Administrative Orders. FDA may issue an administrative order determining that products are or are not lawful OTC drugs. Persons who are adversely affected by such orders may follow procedures for formal dispute resolution, hearings, and judicial review. Abbreviated procedures are provided where there is an imminent hazard to the public health or FDA determines that label changes are necessary for safety. FDCA § 505G(b). Notice-and-comment rulemaking procedures do not apply to administrative orders. FDCA § 505G(p).
Requesting an Administrative Order. FDA may issue an administrative order on its own initiative or at the request of one or more “Requestors.” A Requestor may request that FDA determine that any drug or combination, or any change to a condition of use of a drug that is already considered GRASE, is a lawful OTC drug. However, a request for a changed condition of use for a category III drug under a TFM or a category I drug under PM must be accompanied by a request that FDA determine that the drug is GRASE. FDCA § 505G(b)(5)(A), (B).
Data to Support the Request. In addition to data supporting the requested change, for most OTC drugs a Requestor must submit information demonstrating a verifiable history of safe nonprescription marketing and use. FDCA § 505G(b)(6).

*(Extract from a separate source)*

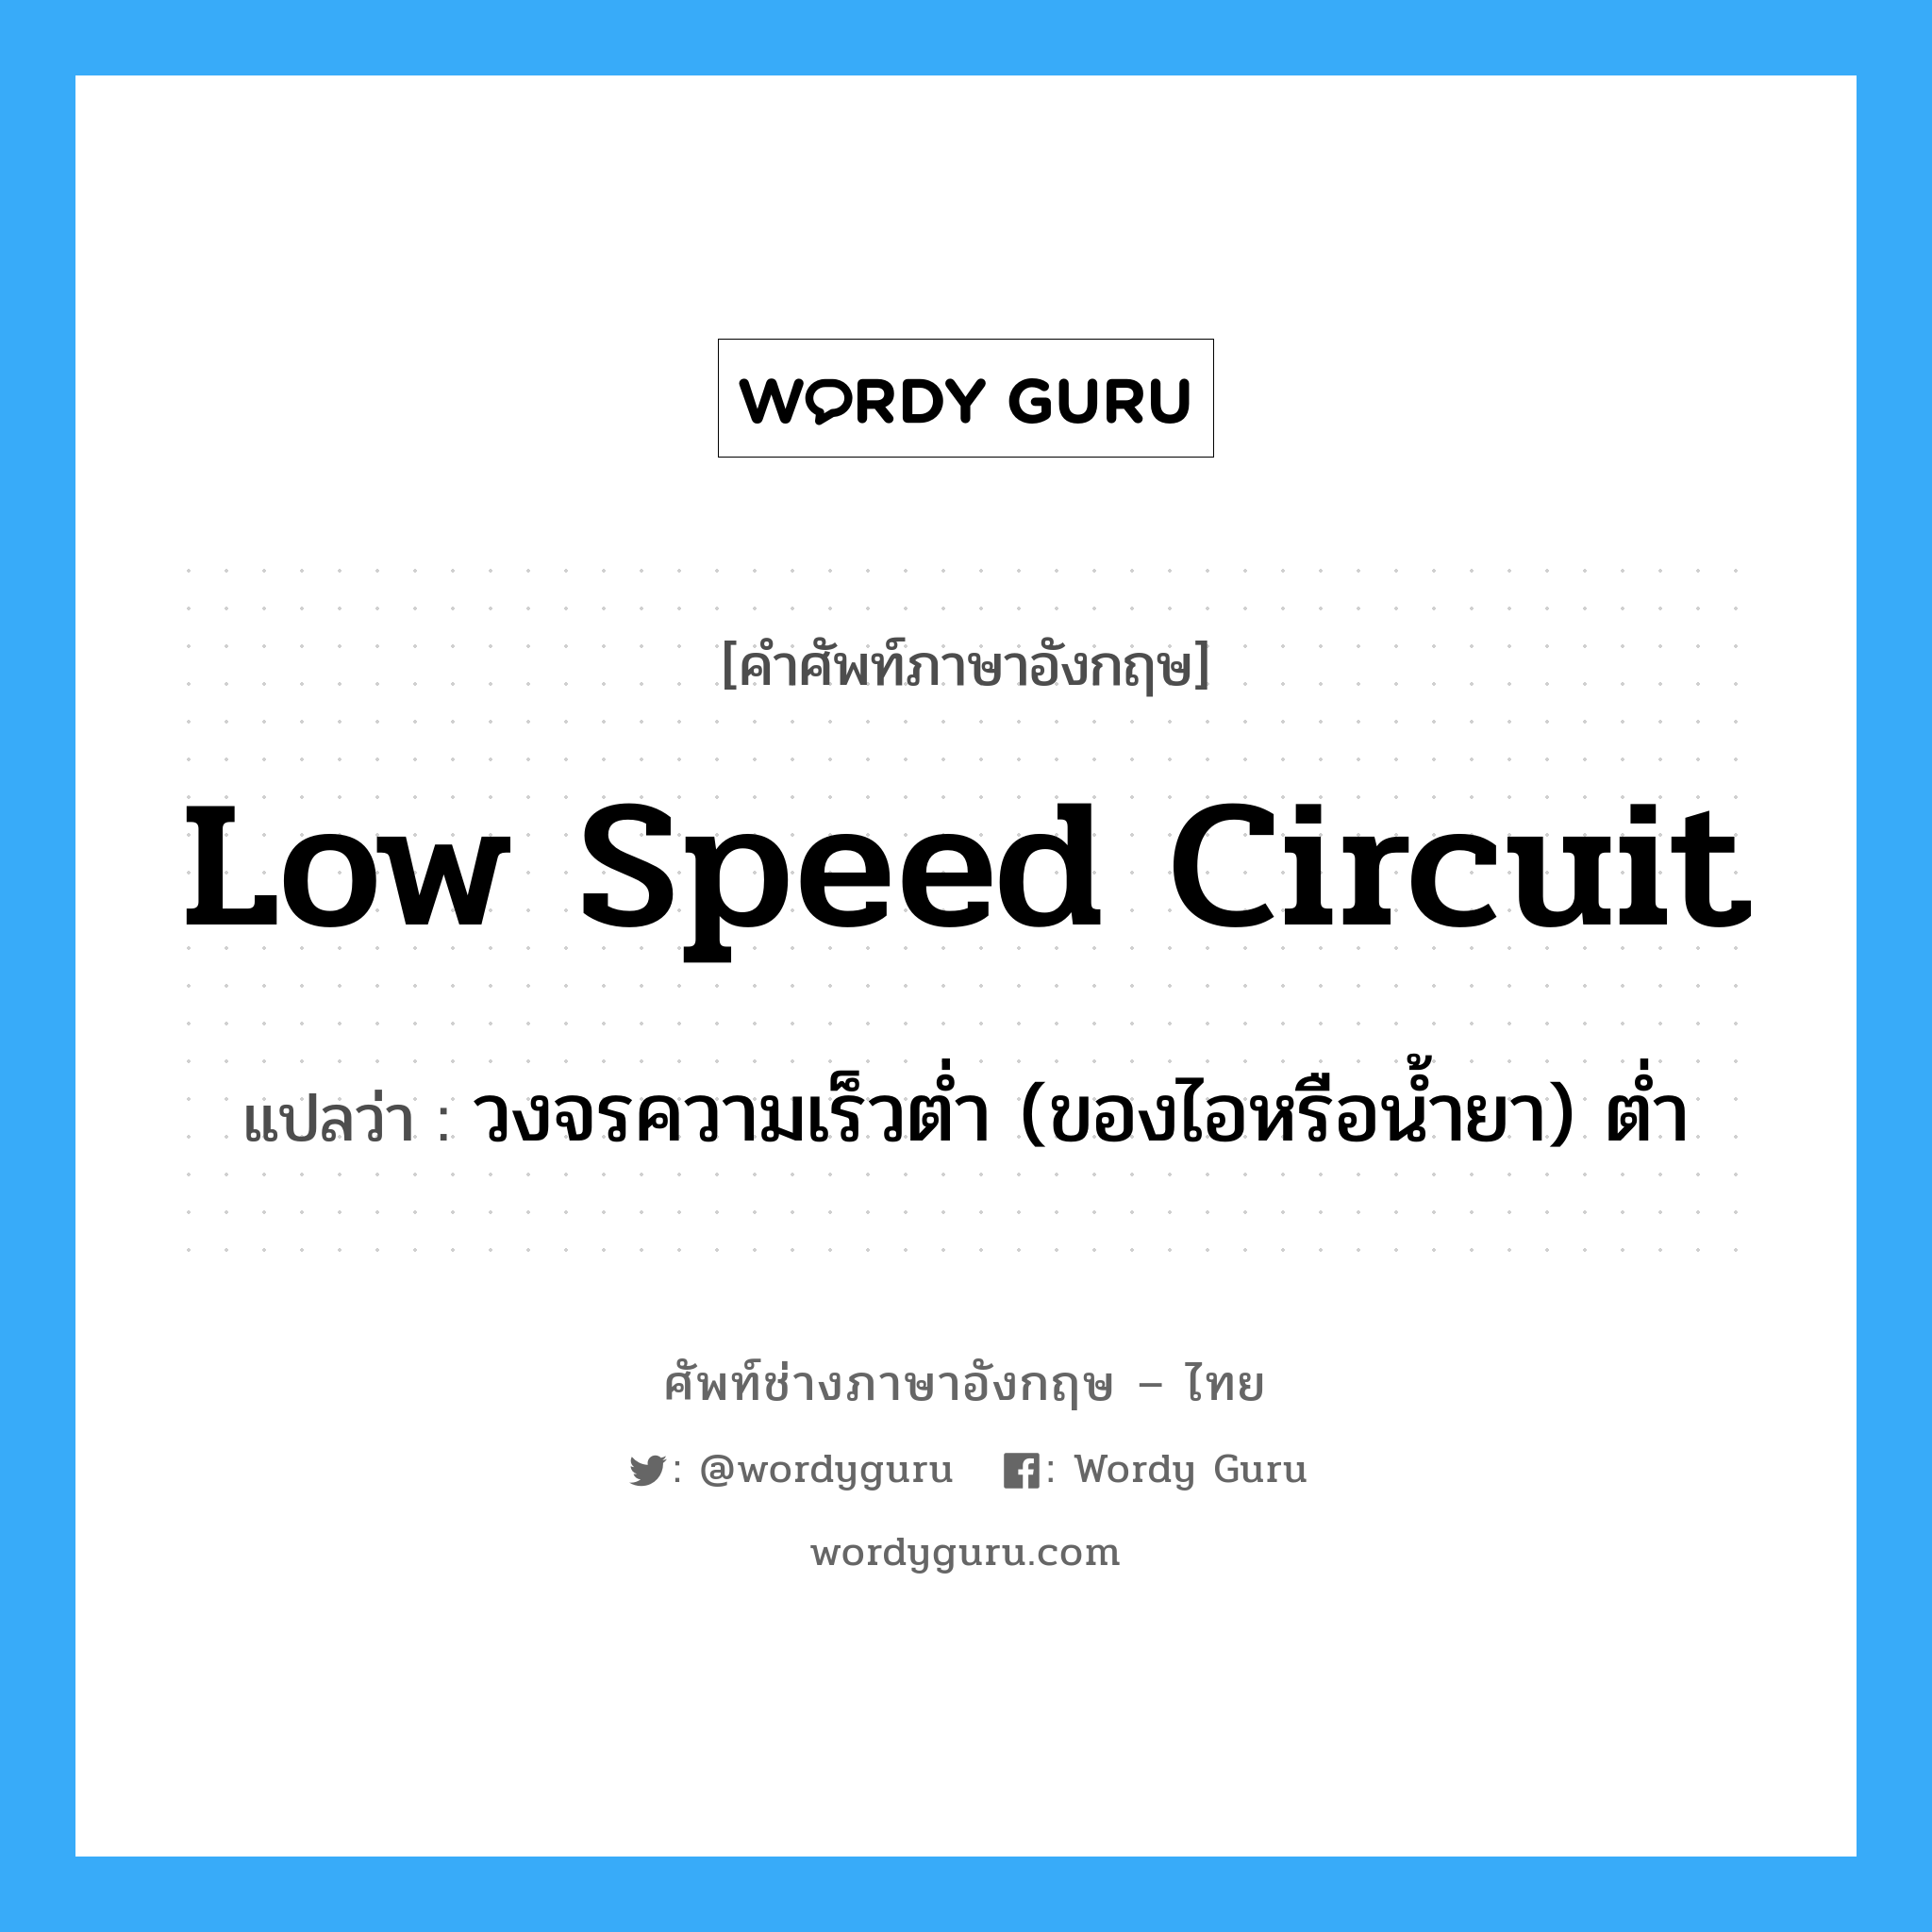 low speed circuit แปลว่า?, คำศัพท์ช่างภาษาอังกฤษ - ไทย low speed circuit คำศัพท์ภาษาอังกฤษ low speed circuit แปลว่า วงจรความเร็วต่ำ (ของไอหรือน้ำยา) ต่ำ

Exclusivity. If FDA issues an administrative order in response to a request, the Requestor is granted a period of 18 months of exclusive marketing rights where the administrative order covers: (1) an active ingredient (including any ester or salt) not previously incorporated in a lawful unapproved OTC drug, or (2) a change in conditions of use for which new human data studies conducted or sponsored by the Requestor (or to which the Requestor has an exclusive right of reference) were essential to the issuance of the order. Exclusivity is not available for certain minor changes to the drug (e.g., modifying directions for use due to changes that do not affect safety or effectiveness, or reordering information in the Drug Facts box), certain safety changes, and changes to testing methods. The term “new human data studies” refers to clinical trials, pharmacokinetics studies, or bioavailability studies that were not previously relied on and do not duplicate the results of a study previously relied on for drug approval. FDCA § 505G(b)(5)(C). There are limited protections for the confidentiality of a Requestor’s information. FDCA § 505G(d).
Minor Changes. FDA is required to issue an administrative order specifying requirements for a manufacturer to determine whether a minor change in dosage form will affect the safety or effectiveness of a drug. Based on such an order, a manufacturer may make minor changes in a dosage form without the need for a separate administrative order if the manufacturer maintains documentation in its files to show that the change will not affect safety or effectiveness and will not materially affect absorption or other exposure to the drug. Such information must be provided to FDA upon request. FDCA § 505G(c).
User Fees. The law establishes two categories of OTC drug user fees that must be paid for FY 2021 and thereafter:
The law authorizes FDA to use these fees in carrying out OTC drug activities. FDCA § 744M(f).